# IoT-23 Dataset Analysis

* **Author:** Patrik Goldschmidt (igoldschmidt@fit.vut.cz)
* **Project:** Network Intrusion Datasets: A Survey, Limitations, and Recommendations
* **Date:** 2024

In [1]:
import pandas as pd
import numpy as np
import os

pd.set_option('display.max_columns', None)

In [2]:
# Select a root directory after unpacking the data (small dataset, we analyzed big dataset with PCAPs in command line)
ROOT_DIR = '/data/disk2/iot23/opt/Malware-Project/BigDataset/IoTScenarios/'

## Preparation

In [3]:
# There are several IoT-23 capture scenarios
os.listdir(ROOT_DIR)

['CTU-Honeypot-Capture-5-1',
 'CTU-IoT-Malware-Capture-48-1',
 'CTU-IoT-Malware-Capture-39-1',
 'CTU-IoT-Malware-Capture-17-1',
 'CTU-IoT-Malware-Capture-43-1',
 'CTU-IoT-Malware-Capture-3-1',
 'CTU-IoT-Malware-Capture-21-1',
 'CTU-Honeypot-Capture-4-1',
 'CTU-IoT-Malware-Capture-60-1',
 'CTU-IoT-Malware-Capture-35-1',
 'CTU-IoT-Malware-Capture-9-1',
 'CTU-IoT-Malware-Capture-44-1',
 'CTU-IoT-Malware-Capture-8-1',
 'CTU-IoT-Malware-Capture-7-1',
 'CTU-IoT-Malware-Capture-33-1',
 'CTU-IoT-Malware-Capture-42-1',
 'CTU-IoT-Malware-Capture-49-1',
 'CTU-IoT-Malware-Capture-36-1',
 'CTU-IoT-Malware-Capture-20-1',
 'CTU-IoT-Malware-Capture-34-1',
 'CTU-IoT-Malware-Capture-1-1',
 'CTU-IoT-Malware-Capture-52-1',
 'CTU-Honeypot-Capture-7-1']

In [4]:
# We further select one honeypot and one malware capture for further analysis
PATH_HONEYPOT = os.path.join(ROOT_DIR, 'CTU-Honeypot-Capture-4-1/bro/conn.log.labeled')
PATH_MALWARE  = os.path.join(ROOT_DIR, 'CTU-IoT-Malware-Capture-49-1/bro/conn.log.labeled')

In [5]:
# Data are in a bro format, how do they look like?
!head -n 15 $PATH_HONEYPOT

#separator \x09
#set_separator	,
#empty_field	(empty)
#unset_field	-
#path	conn
#open	2019-12-05-15-46-36
#fields	ts	uid	id.orig_h	id.orig_p	id.resp_h	id.resp_p	proto	service	duration	orig_bytes	resp_bytes	conn_state	local_orig	local_resp	missed_bytes	history	orig_pkts	orig_ip_bytes	resp_pkts	resp_ip_bytes	tunnel_parents   label   detailed-label
#types	time	string	addr	port	addr	port	enum	string	interval	count	count	string	bool	bool	count	string	count	count	count	count	set[string]   string   string
1540469302.538640	CGm6jB4dXK71ZDWUDh	192.168.1.132	58687	216.239.35.4	123	udp	-	0.114184	48	48	SF	-	-	0	Dd	1	76	1	76	-   benign   -
1540469197.400159	CnaDAG3n5r8eiG4su2	192.168.1.132	1900	239.255.255.250	1900	udp	-	160.367579	7536	0	S0	-	-	0	D	24	8208	0	0	-   benign   -
1540469385.734089	CUrxU238nt0m6yTgKf	192.168.1.132	32893	216.239.35.8	123	udp	-	0.016986	48	48	SF	-	-	0	Dd	1	76	1	76	-   benign   -
1540469831.302625	CGQf8t1kjdxB5PHXL4	192.168.1.132	53395	2.16.60.82	443	tcp	-	0.003497	0	0	SF

Essentially, we need need to select the separataror as tab character, strip all lines starting with `#` character.

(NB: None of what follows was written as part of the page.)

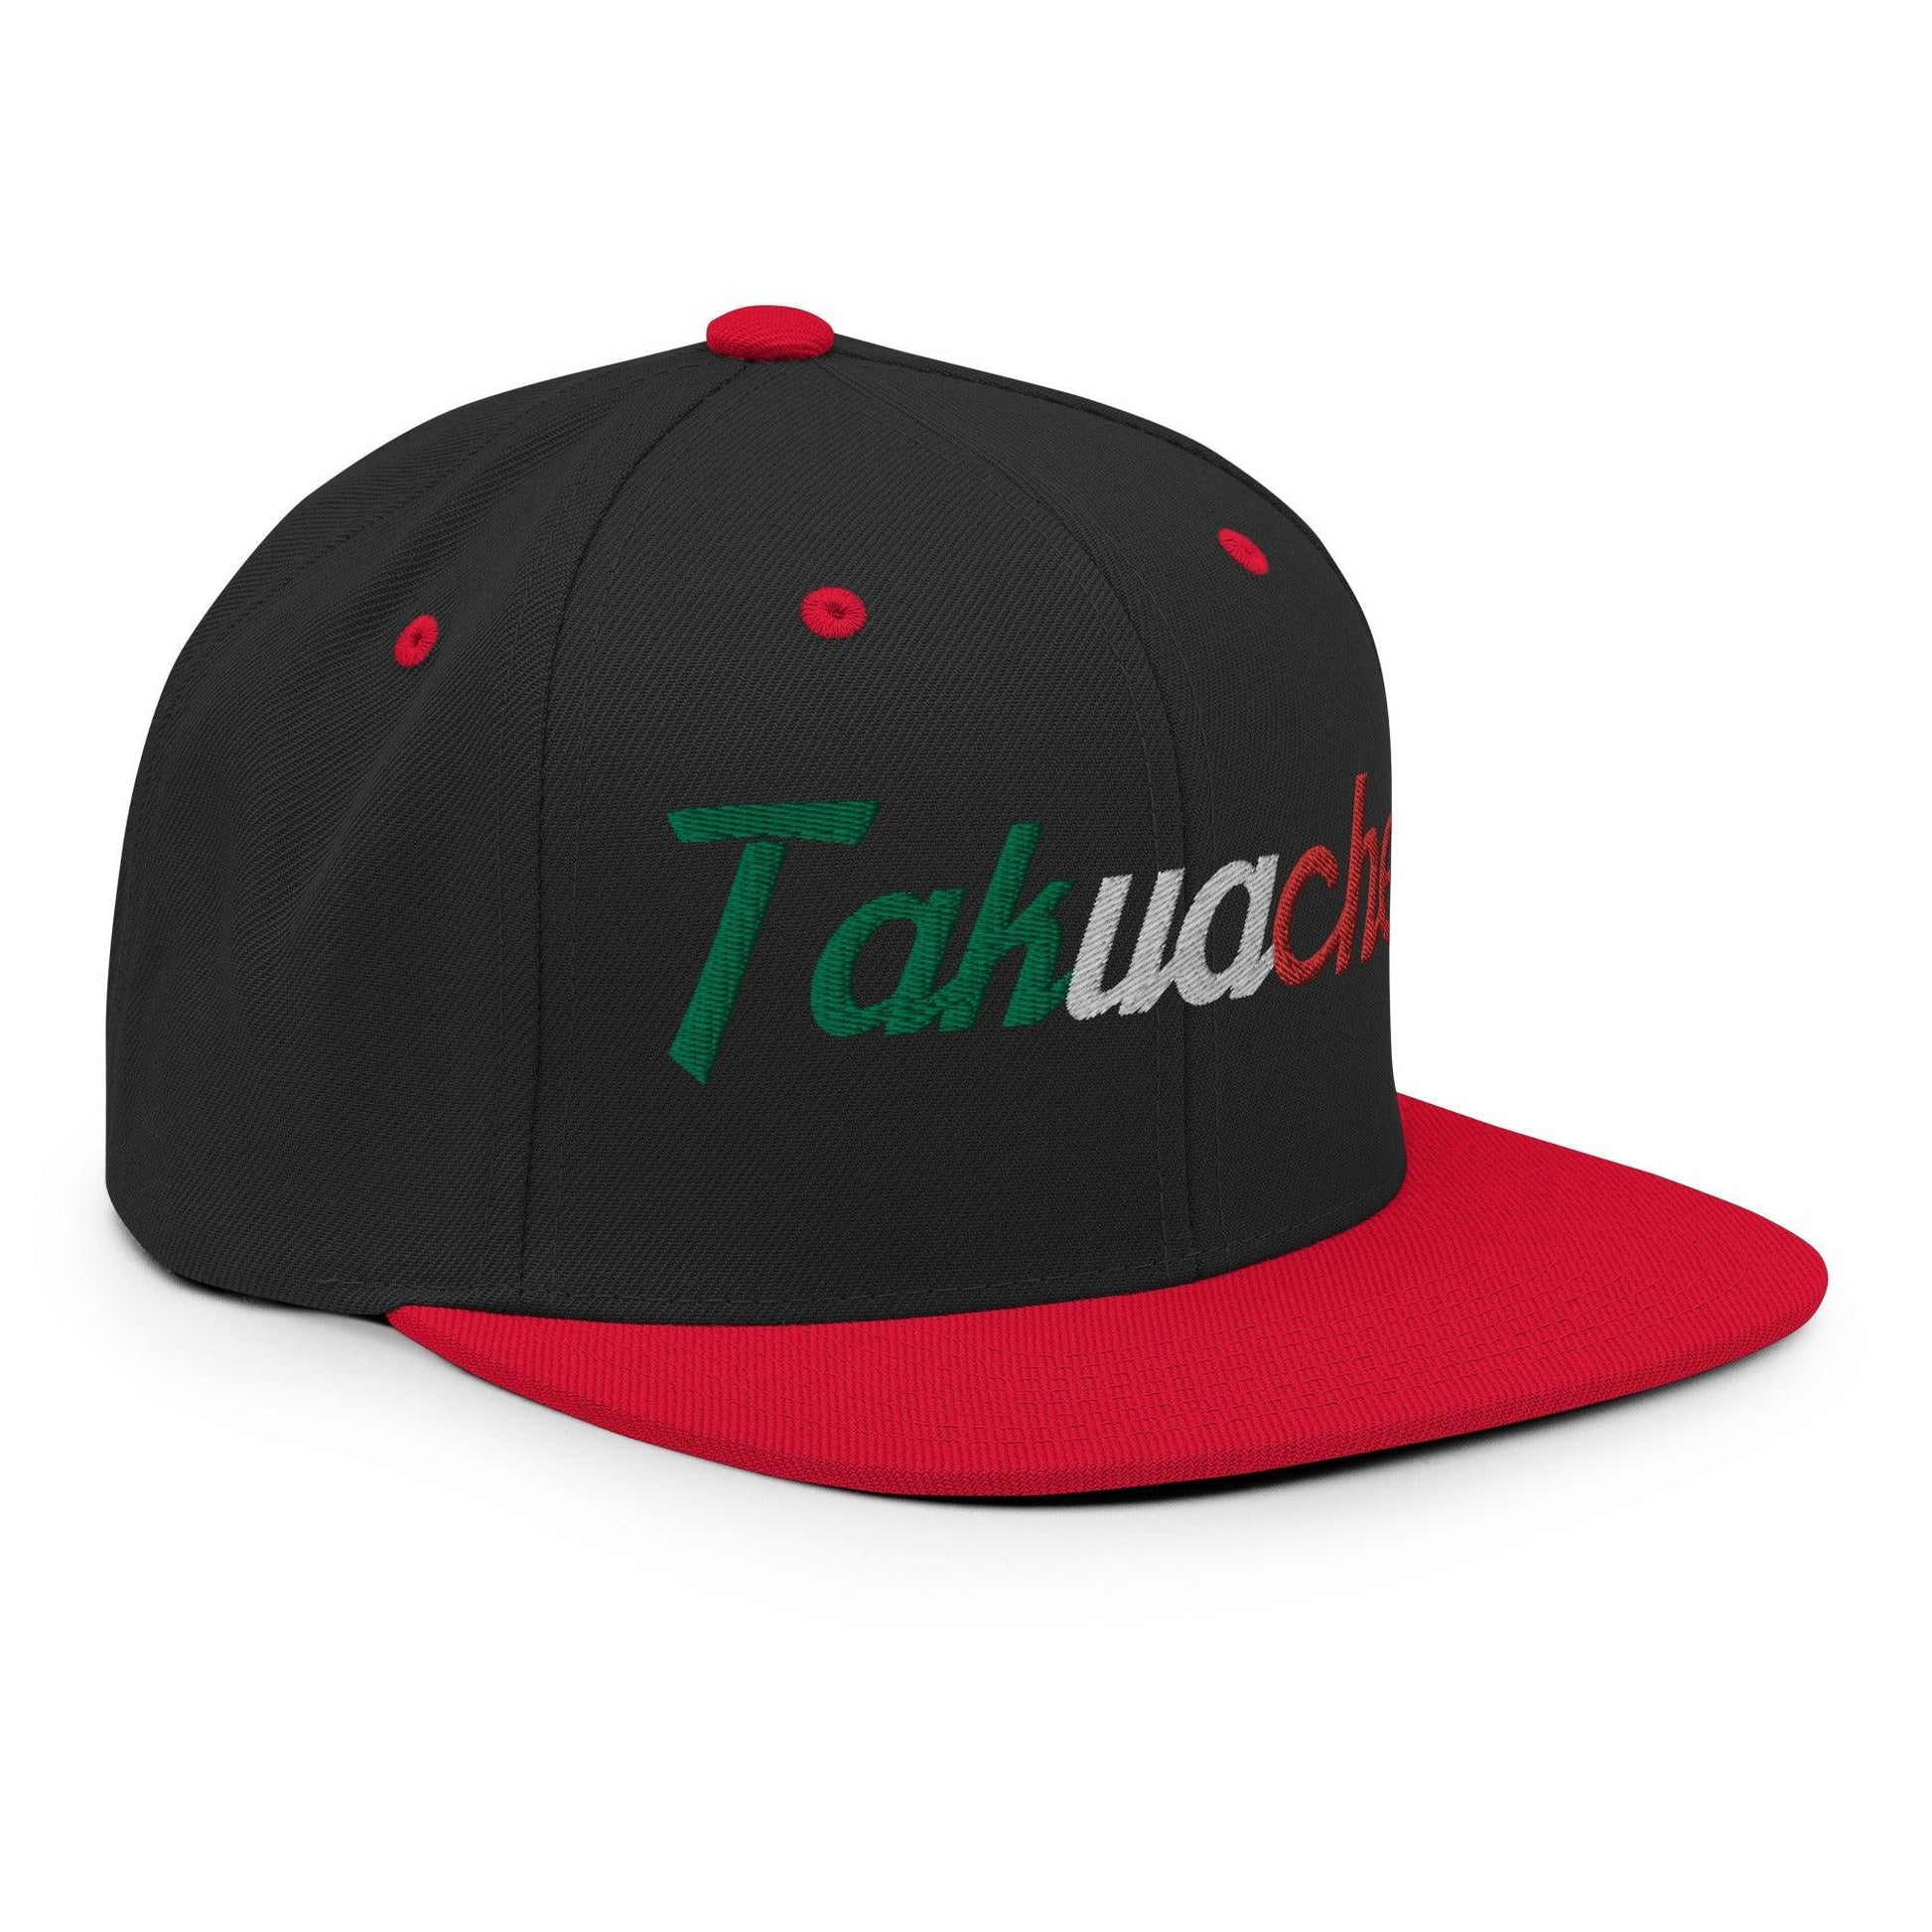 Takuache Vintage Sports Script Snapback Hat Black Red

The fields will be copied from there and added manually during data loading.

In [6]:
IOT23_FEATURES = [
    'ts',
    'uid',
    'id.orig_h',
    'id.orig_p',
    'id.resp_h',
    'id.resp_p',
    'proto',
    'service',
    'duration',
    'orig_bytes',
    'resp_bytes',
    'conn_state',
    'local_orig',
    'local_resp',
    'missed_bytes',
    'history',
    'orig_pkts',
    'orig_ip_bytes',
    'resp_pkts',
    'resp_ip_bytes',
    'tunnel_parents',
    'label',
    'detailed-label',
]

In [7]:
# I also tried this, but the data does not contain values, but sometimes "-" as a value
# The data would require more cleaning in order to apply correct datatypes - keeping as is for this analysis
IOT23_TYPES = {
    'ts':  np.float32,
    'uid' : str,
    'id.orig_h' : str,
    'id.orig_p': np.int32,
    'id.resp_h': str,
    'id.resp_p': np.int32,
    'proto': str,
    'service': str,
    'duration': np.float32,
    'orig_bytes': np.uint16,
    'resp_bytes': np.uint16,
    'conn_state': str,
    'local_orig': str,
    'local_resp': str,
    'missed_bytes': np.uint16,
    'history': str,
    'orig_pkts': np.uint16,
    'orig_ip_bytes': np.uint16,
    'resp_pkts': np.uint16,
    'resp_ip_bytes': np.uint16,
    'tunnel_parents': str,
    'label': str,
    'detailed-label': str,
}

In [8]:
# Therefore, in order to prepare a file, we need to strip asll its metadata lines (delimited with #)
# We further discovered, that label features (apparently added later, not by bro) are not delimited by a tab character, but spaces
# This data quality is frustrating, but well, spaces need to be converted to tabs before proceeding
import re

def prepare_iot23_file(file_orig, file_new) -> None:
    """Prepares IoT-23 files. However, the whole file needs to be loaded into RAM, which might be infeasible for larger captures.
    Adjust the code if needed."""
    new_contents = None
    old_contents = None

    # Read the original file
    with open(file_orig, 'r') as in_file:
        old_contents = in_file.readlines()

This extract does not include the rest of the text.